# [RedHat8.0] Allgemeine Fragen



## Thorsten Ball (8. März 2003)

Hi ihr Linux - Benutzer,

ich hab ( da ich mir wieder mal Red Hat installiert habe ) ein paar
allgemeine Fragen bezüglich KDE und RedHat 8.0 im allgemeinen.

1. Ich hatte früher mal die RedHat 7.3 Version installiert,
und dort gab es, insofern man die Partition gemountet hat,
eine Funktion im KDE Kontrollzentrum die Schriften aus dem /Windows/Fonts/ Ordner
zu importieren. Dies hab ich auch vor,doch leider finde
ich diese Funktion nicht. Gibt es sonst eine 
Möglichkeit meine Windows-Schriftarten unter Linux zu benutzen?

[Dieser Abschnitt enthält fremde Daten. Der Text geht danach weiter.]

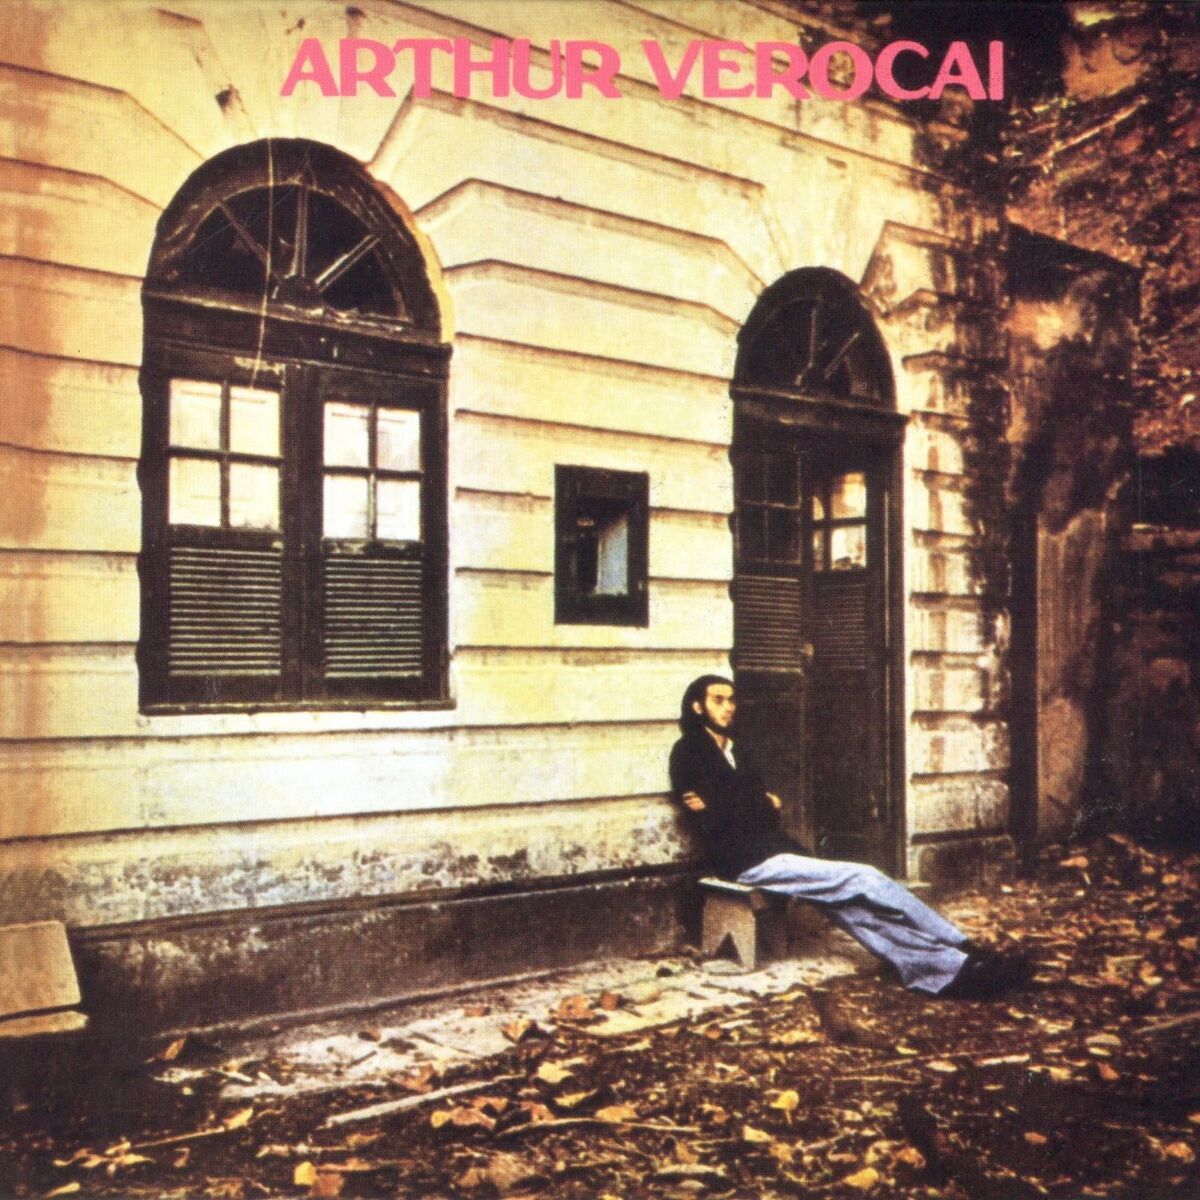 Arthur Verocai: albums, songs, playlists | Listen on Deezer
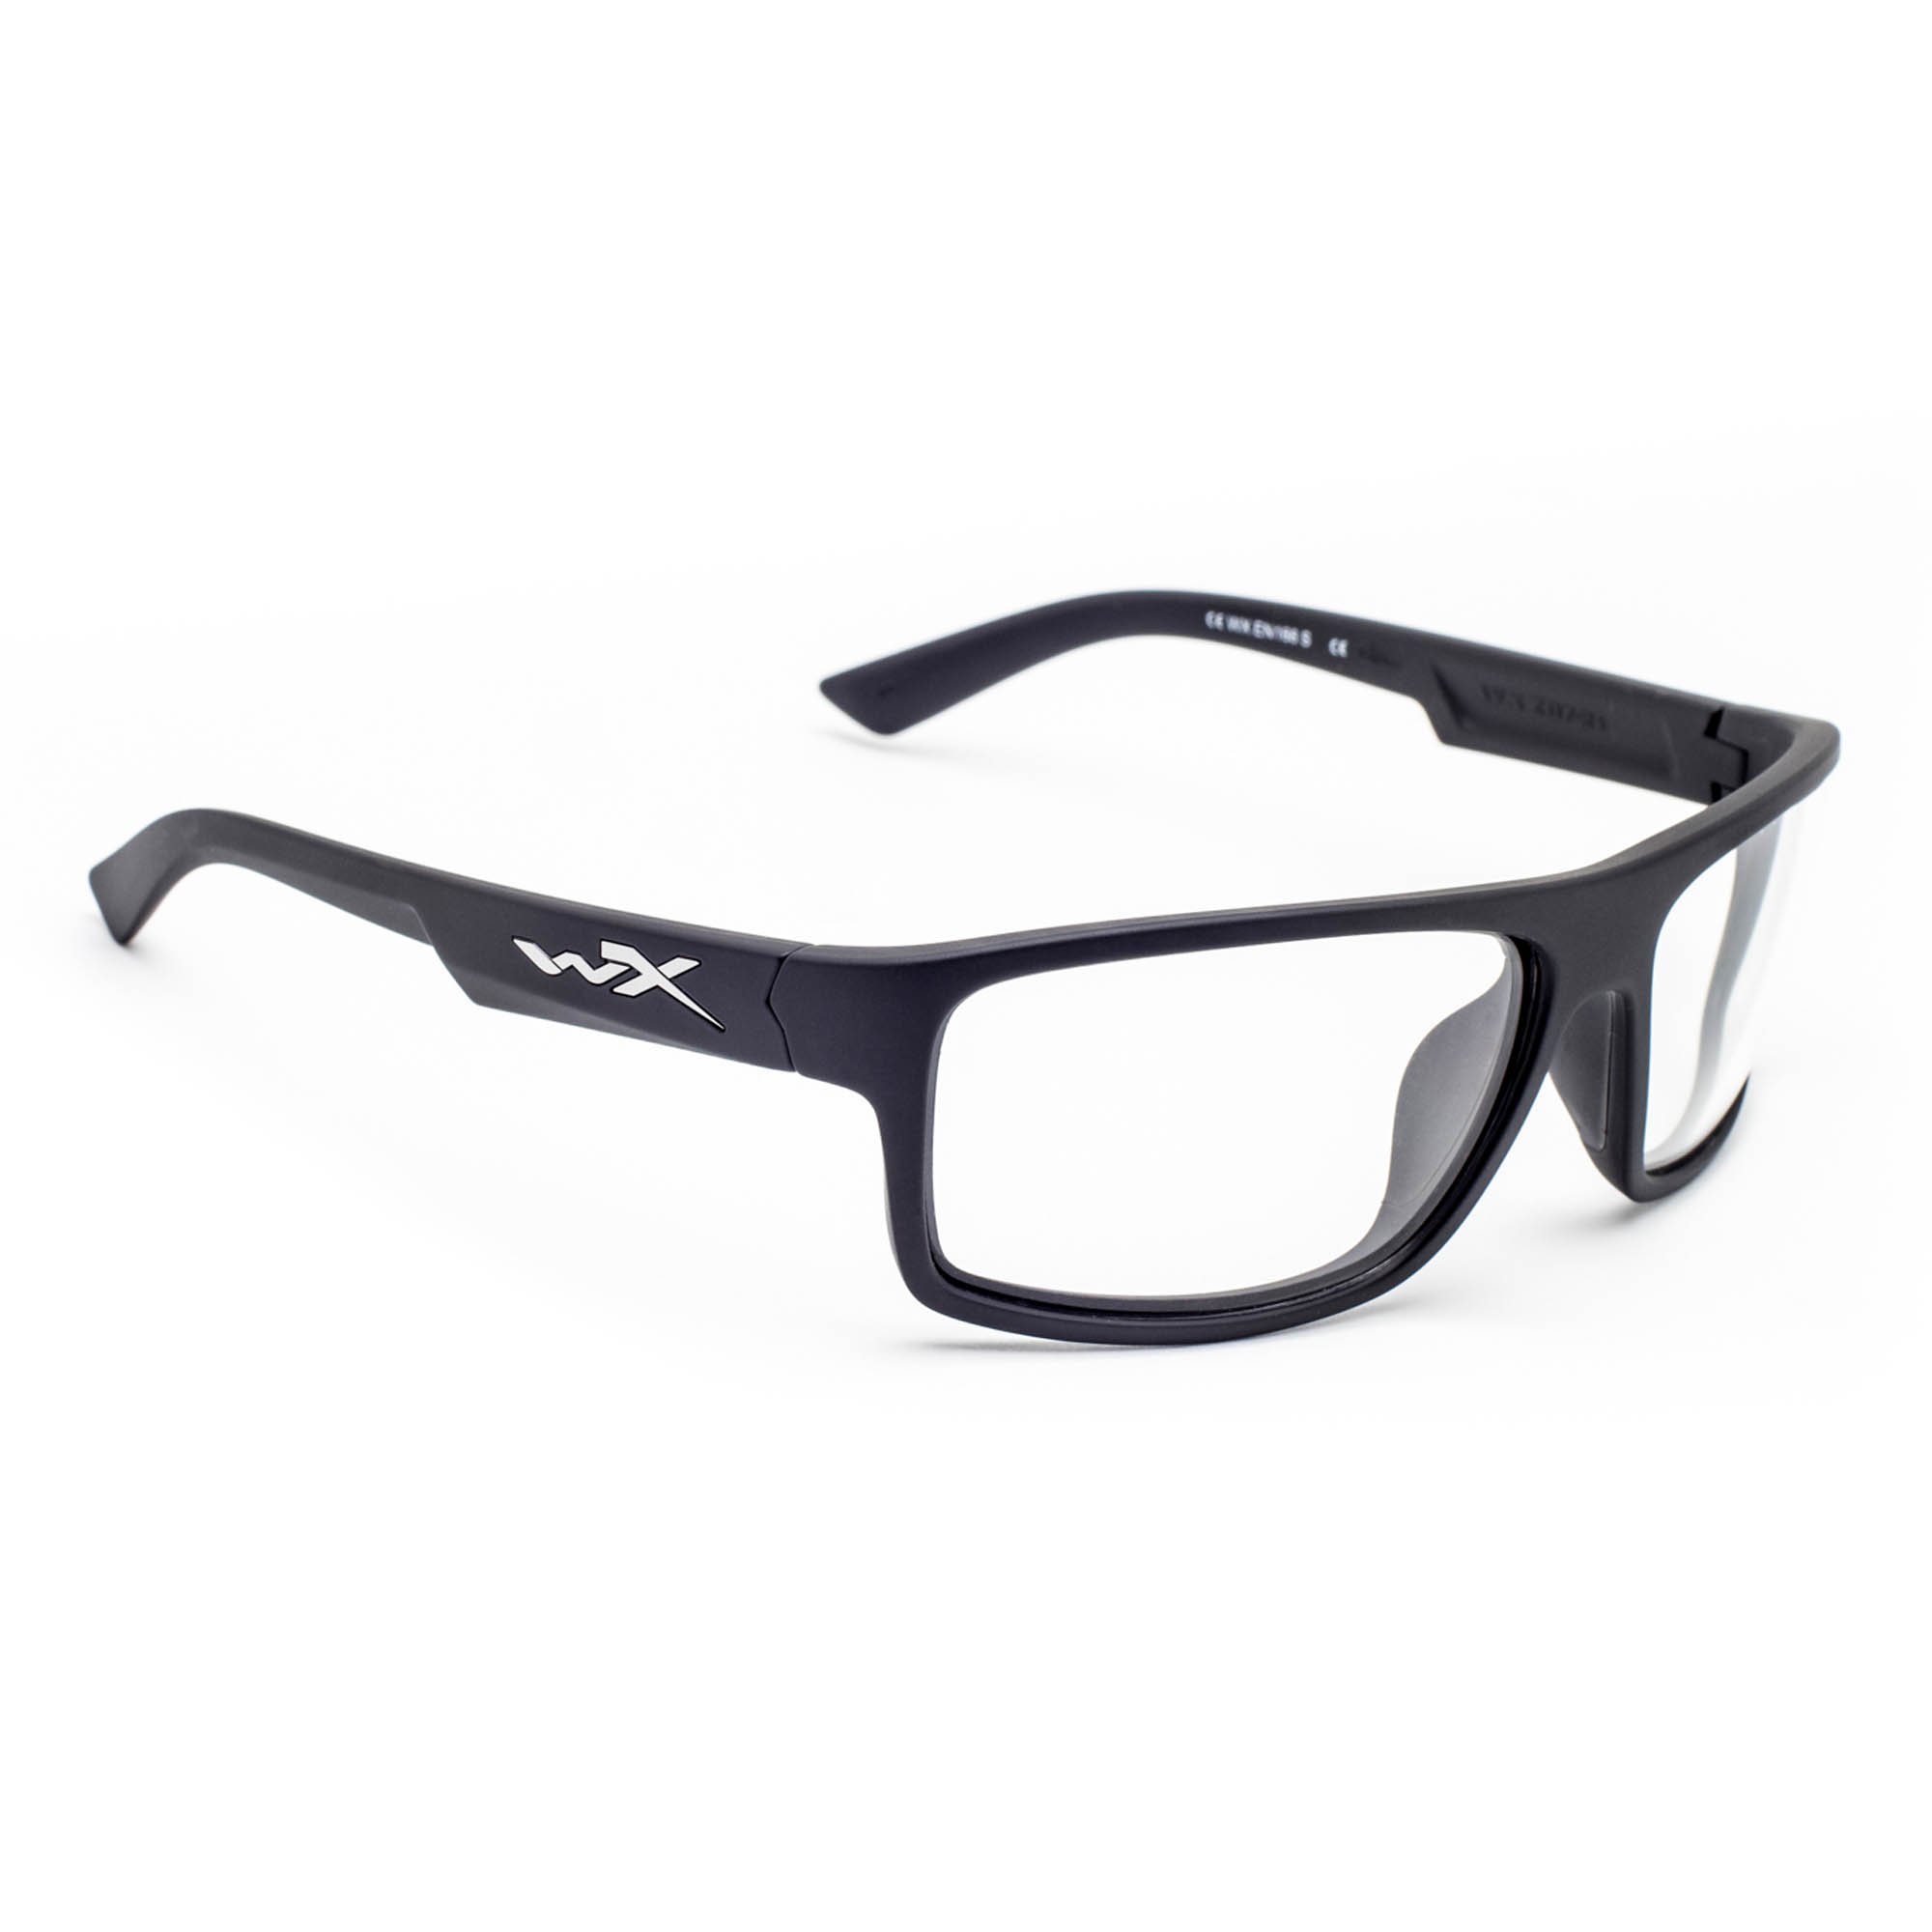 ATTENUTECH Lead Glasses, X-Ray Radiation Eye Protection.75mm Pb, Retro  Classic Style, Economical (Black)

2. Ich habe folgende Soundkarte in meinem Rechner:
"Creative (B) SB Live Player 5.1 (Dolby Digital)". 
Unter Windows funktioniert diese problemlos und wird dank
Software gut unterstützt. Ich habe im KDE Kontrollzentrum bei
"Soundserver" eingestellt dass sie automatisch erkannt wird, 
doch wenn ich ein Testsound abspielen will höre ich gar
nichts und "xmms" kommt gar nicht zum abspielen von den MP3s.
Ich lade eine Datei doch ich kann nicht auf "Play" drücken da
diese nicht als geladen angezeigt wird. Nun, wie kann ich denn diese
Soundkarte zum laufen bringen?

3. Nun wird es für manche etwas einfacher, 
aber da ich mich noch sehr erbärmlich mit Installationen von
Programmen unter Linux auskenne, komme ich nicht weiter. 
Ich möchte nämlich meine "Geforce4 Ti 4200" Grafikkarte 
beschleunigen. Unter nvidia.de gibt es auch verschiedene 
Treiber zum runterladen. Aber ich glaube man braucht 2 und ich weiß
nicht welche und wie ich diese Installiere, denn man muss diese 
,glaub ich, in der console kompilieren und installieren.
Es wäre nett wenn mir jemand bescheid geben kann was ich da brauche und wie ich das installiere.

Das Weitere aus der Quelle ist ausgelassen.